Records from a data collection

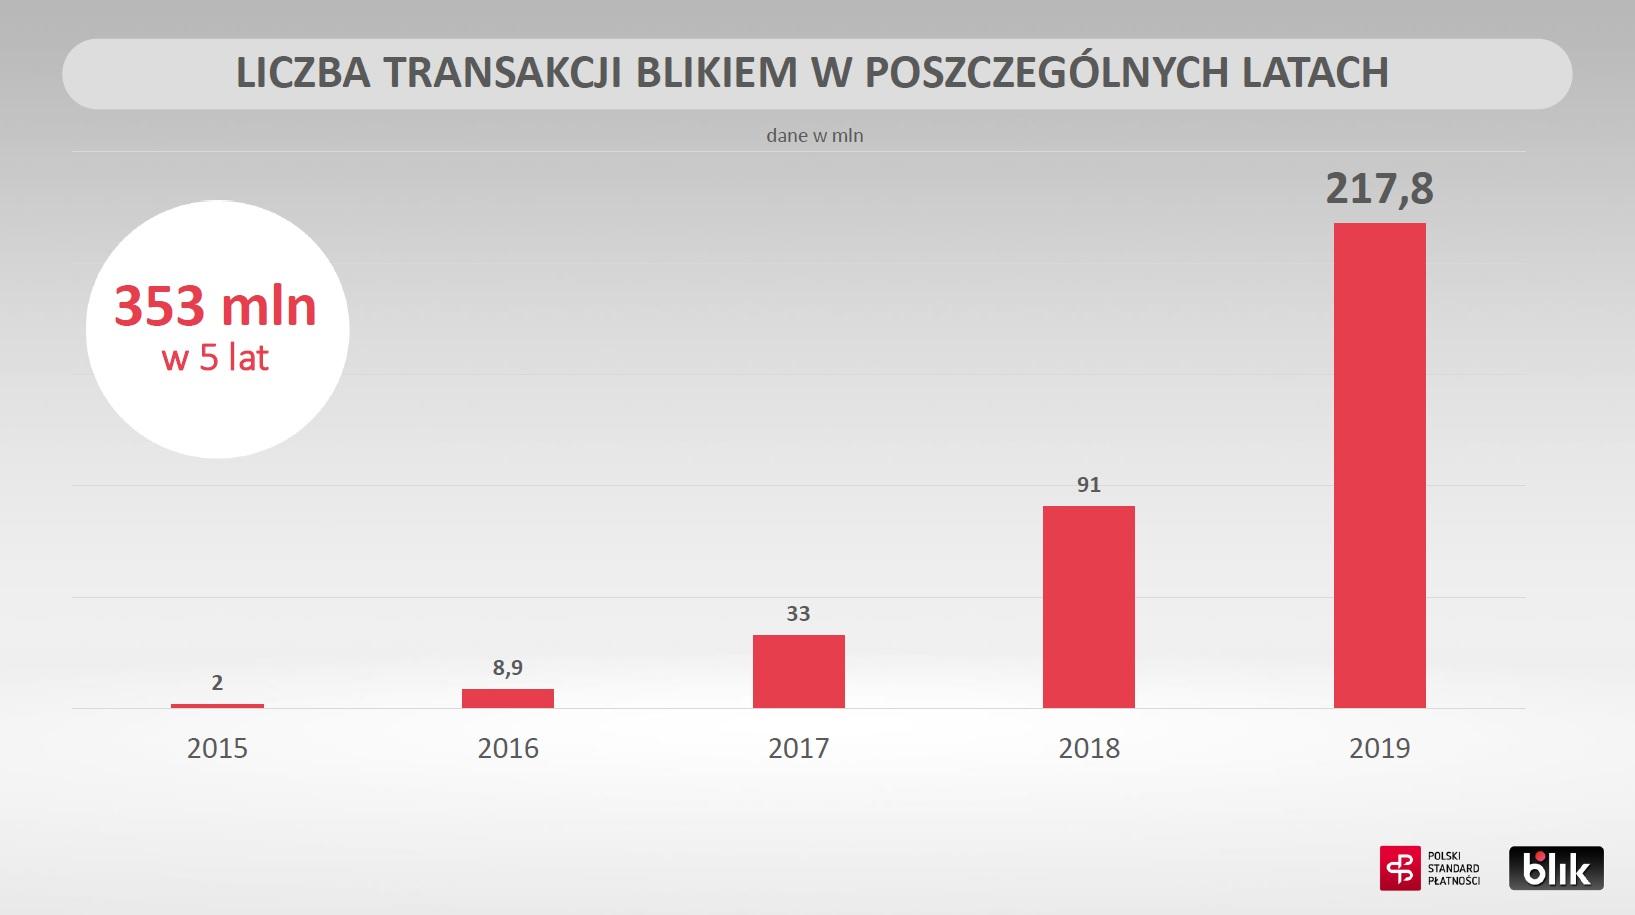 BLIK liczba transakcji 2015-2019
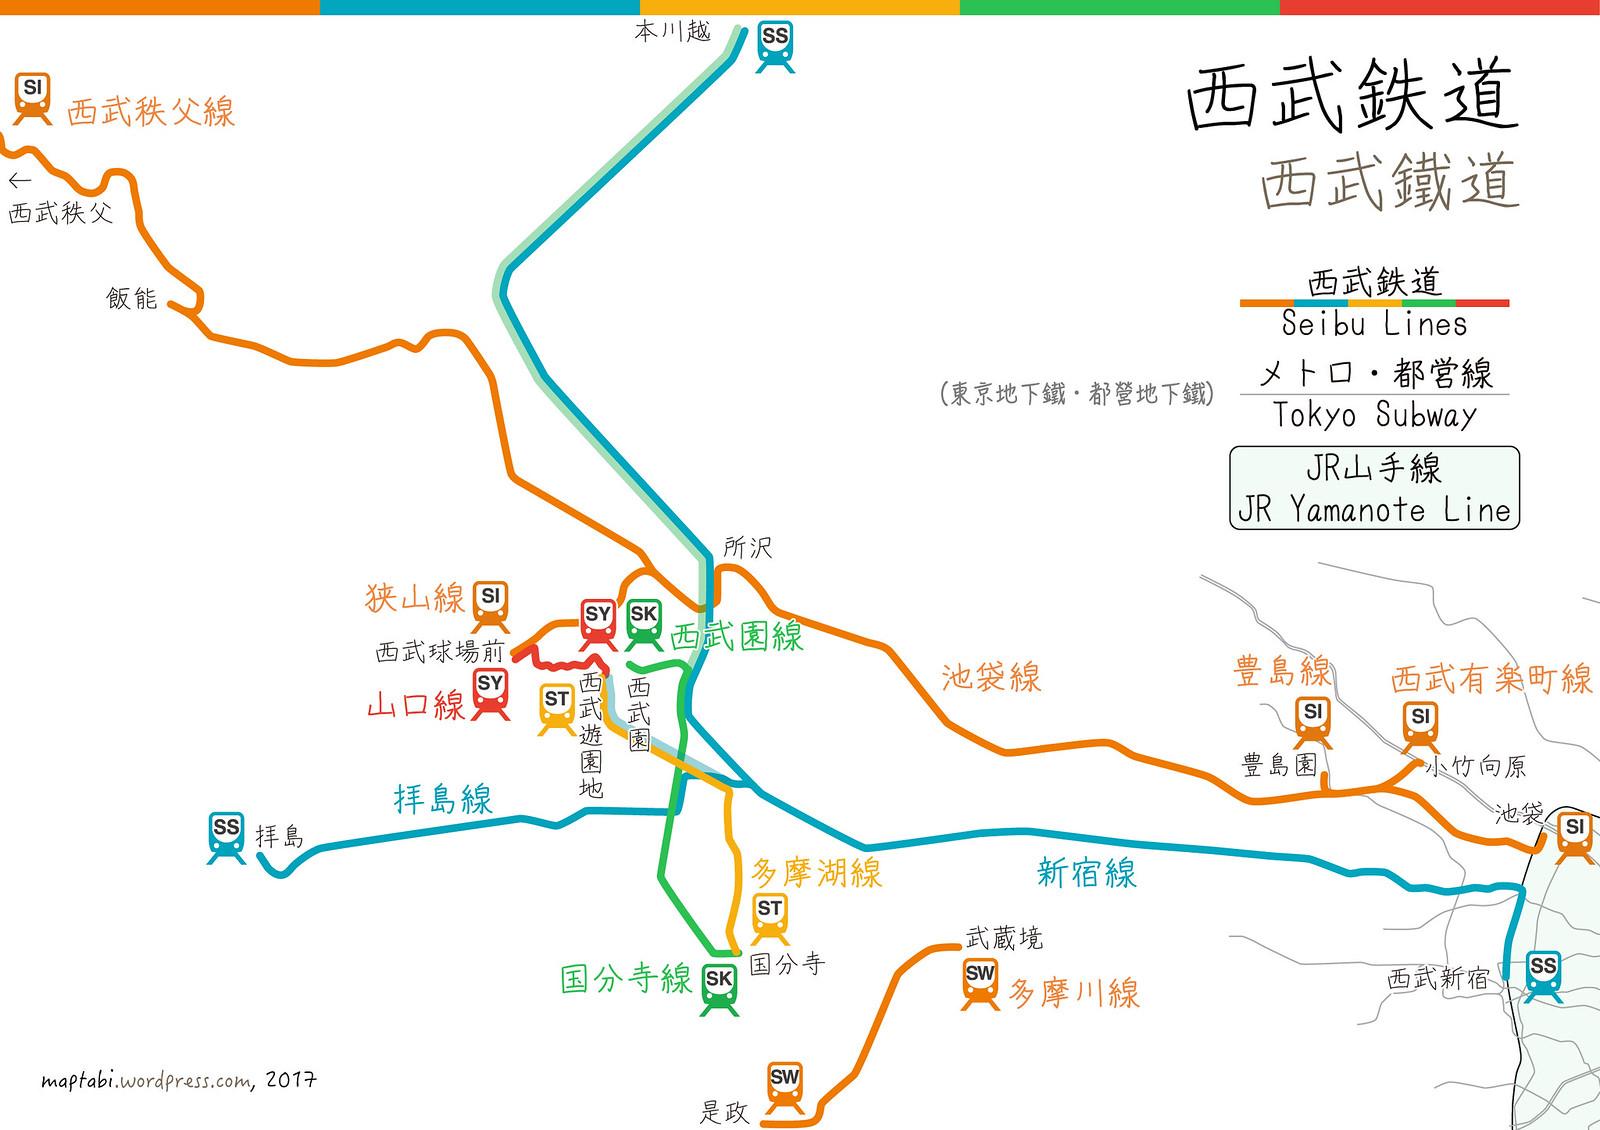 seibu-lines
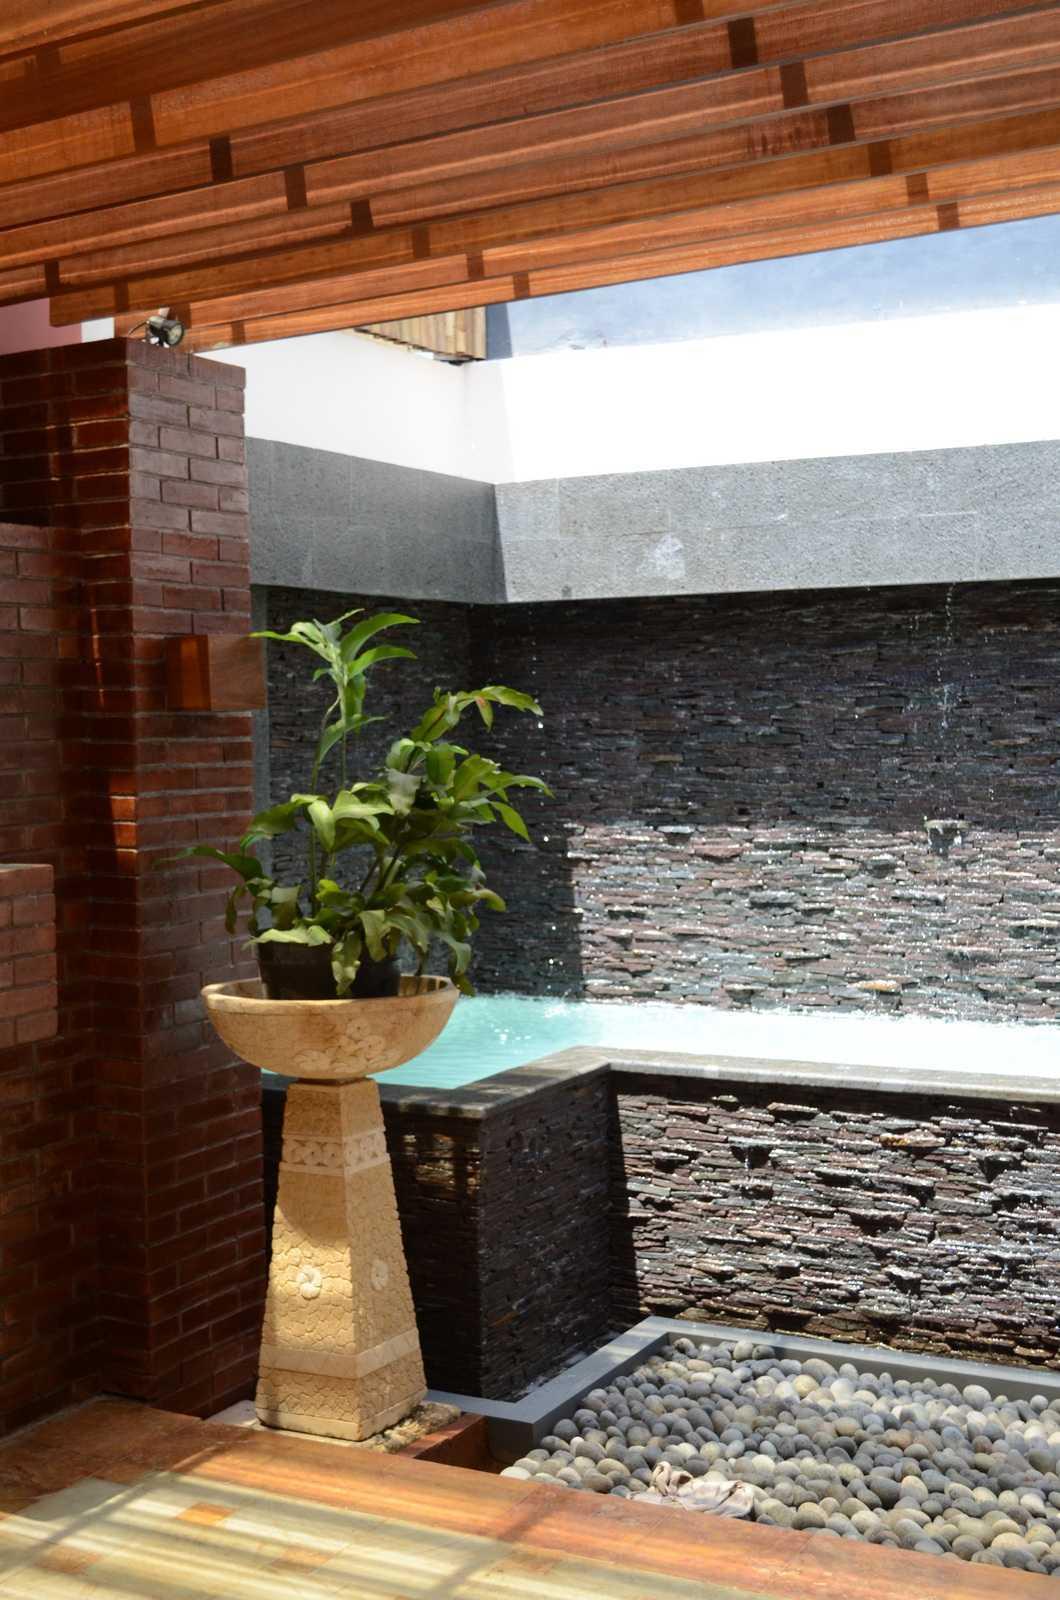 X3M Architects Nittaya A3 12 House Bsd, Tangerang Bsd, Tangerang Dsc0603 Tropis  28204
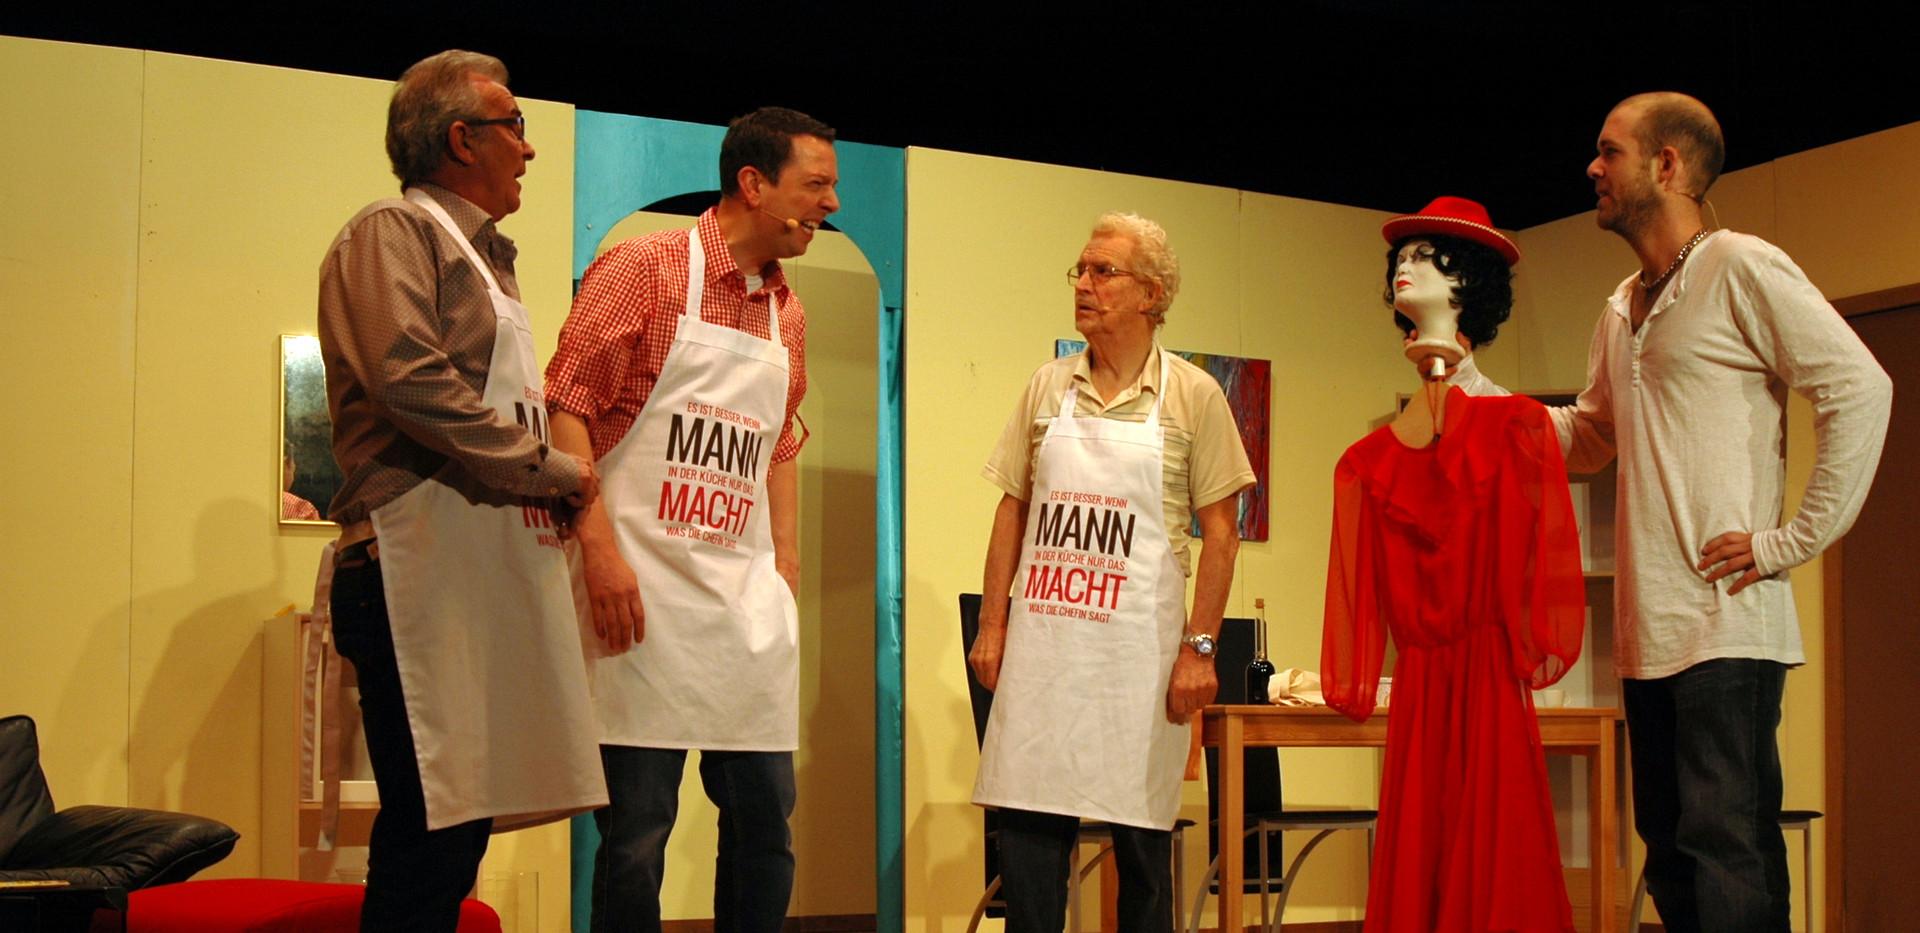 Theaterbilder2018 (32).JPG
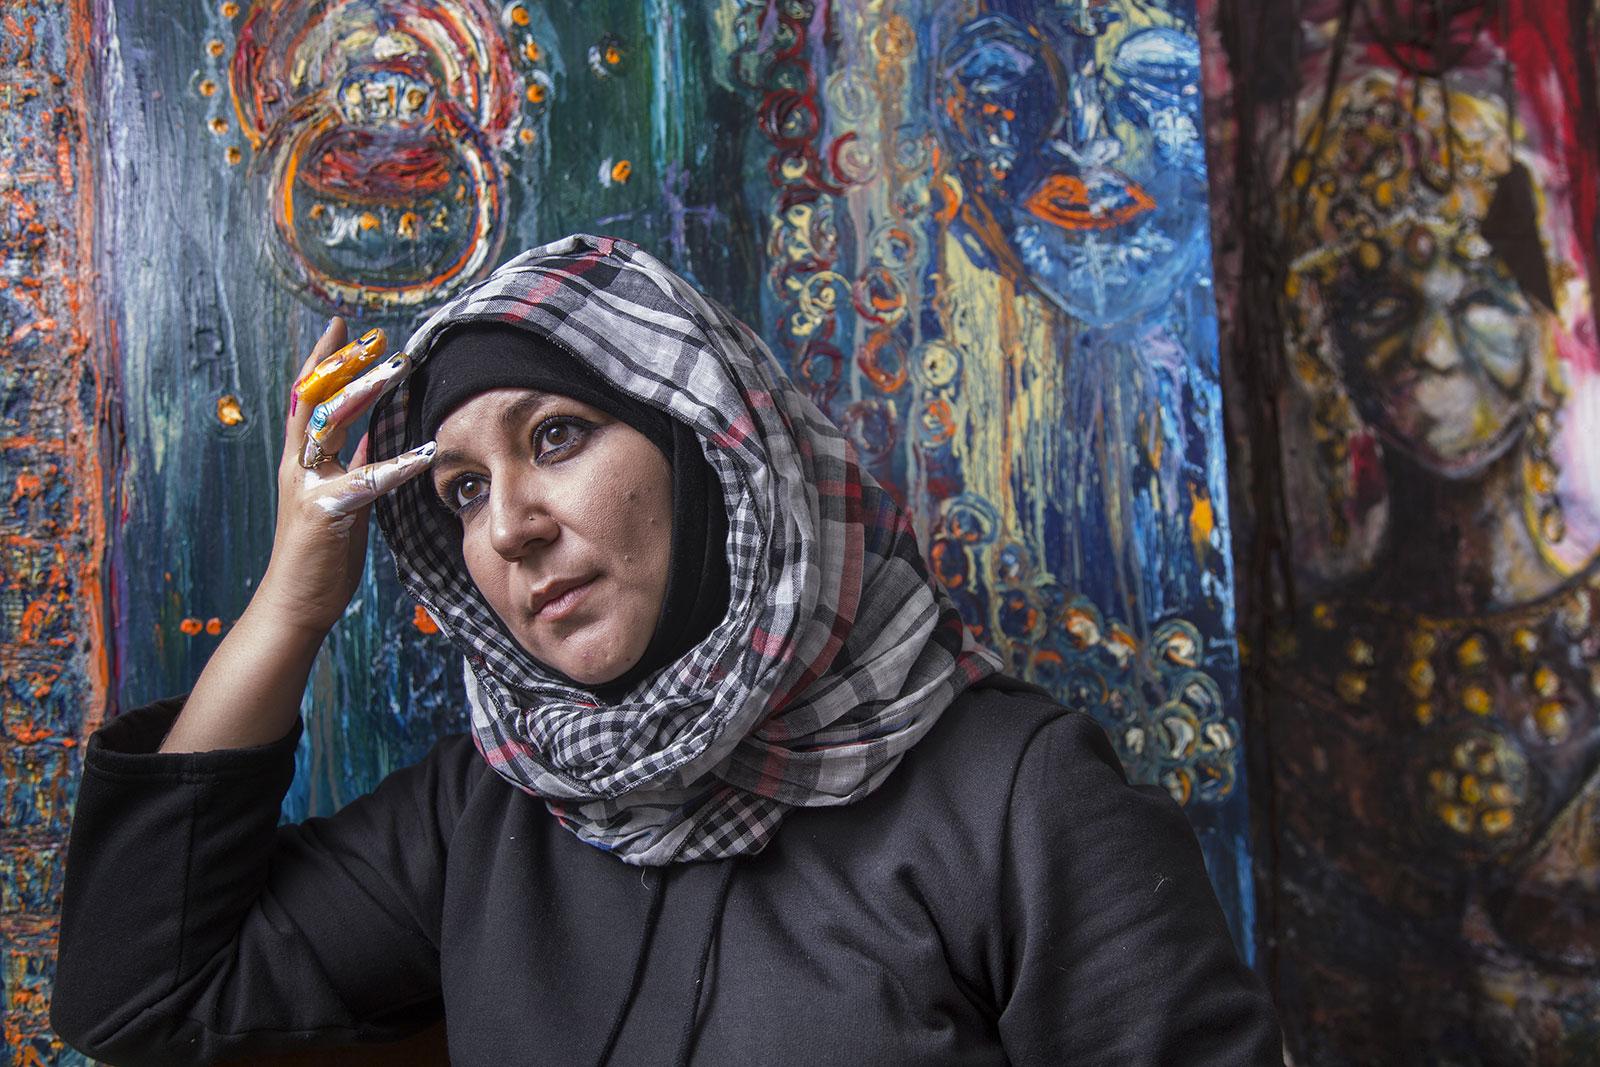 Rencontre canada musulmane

-- Work order --
An exact transcription of all the entries is required, without the pictures.

-- Task answer --
 BLIK liczba transakcji 2015-2019
 seibu-lines
 X3M Architects Nittaya A3 12 House Bsd, Tangerang Bsd, Tangerang Dsc0603 Tropis  28204
 Theaterbilder2018 (32).JPG
 Rencontre canada musulmane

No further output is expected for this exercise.